= Om Prakash Gandhi =

Indian social worker

Om Prakash Gandhi (official name Om Prakash Poswal) (born 1 February 1942) is a social worker from the Indian State of Haryana dedicated to the cause of girl child education.

He was born in a Gurjar farmer family in Madhobans village in Yamunanagar district in Haryana and completed his school education from Mukand Lal Senior Secondary School, Radaur. He obtained the B Sc degree from Agra University. After securing MSc degree in physics from Meerut University (Uttar Pradesh), he joined Gurjar Degree College (since renamed as Gochar Mahavidhyalaya) at Rampur Maniharan in Saharanpur district of Uttar Pradesh as a lecturer. After 20 years of service in the college, he resigned his job to work in the field of women education. He formed the Kanya Vidhya Pracharni Sabha, a society to spread awareness about education among girls at Khadri village, in 1984 and under the aegis of the Sabha founded the Gurjar Kanya Vidhya Mandir School in Devdhar village in Yamunanagar district in Haryana. The Sabha has also established Gurjar Kanya Gurukul Mahavidyalaya, Yamuna Nagar a higher education institution for girls. On 14 January 2022, Haryana Chief Minister Manohar Lal Khattar laid the foundation stone of a new institution Samrat Mihir Bhoj Gurukul Vidyapeeth being established under the patronage of Om Praksh Gandhi.

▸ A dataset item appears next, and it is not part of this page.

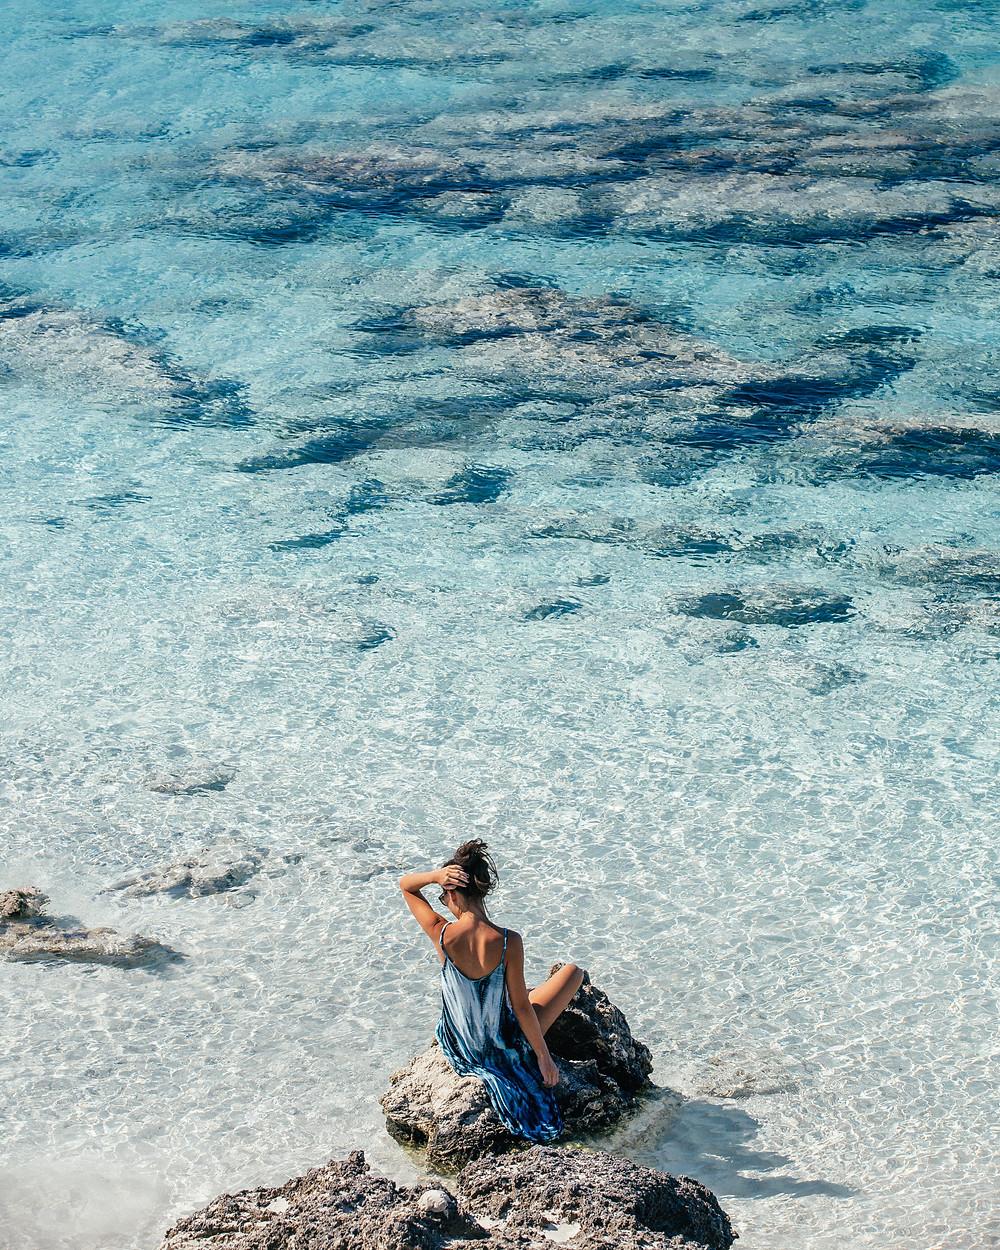 Elafonissi Beach, Crete, Greece
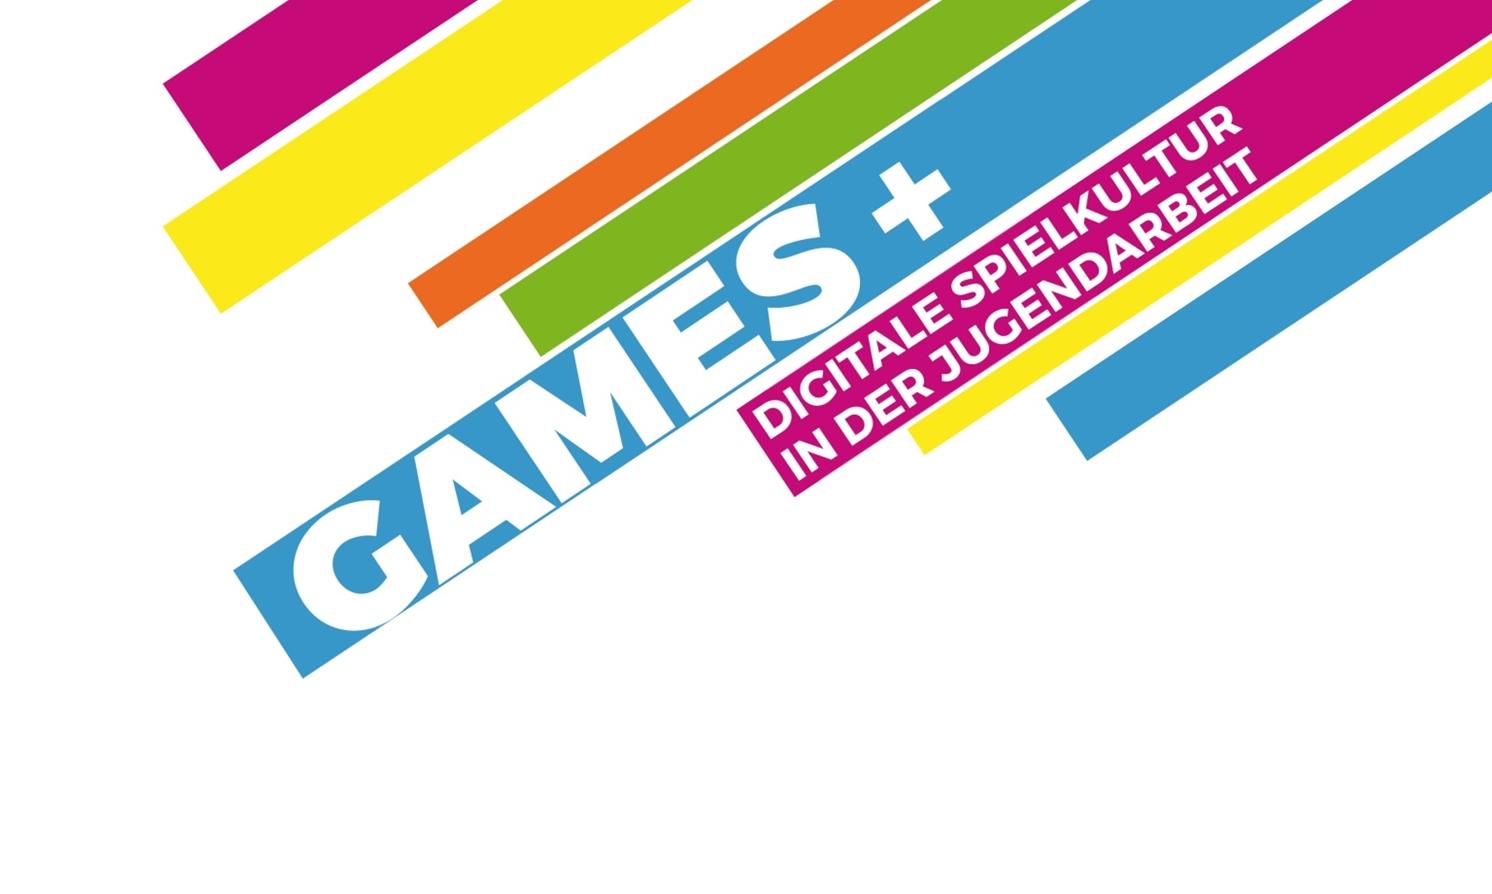 GAMES + DIGITALE SPIELKULTUR IN DER JUGENDARBEIT

==Recognition: Padma Shri==

In the year 2022, the government of India conferred the Padma Shri Award, the third highest award in the Padma series of awards, on Om Prakash Gandhi for his distinguished service in the field of social work. The award is in recognition of his service as a "Social Worker from Haryana dedicated to the cause of girl child education".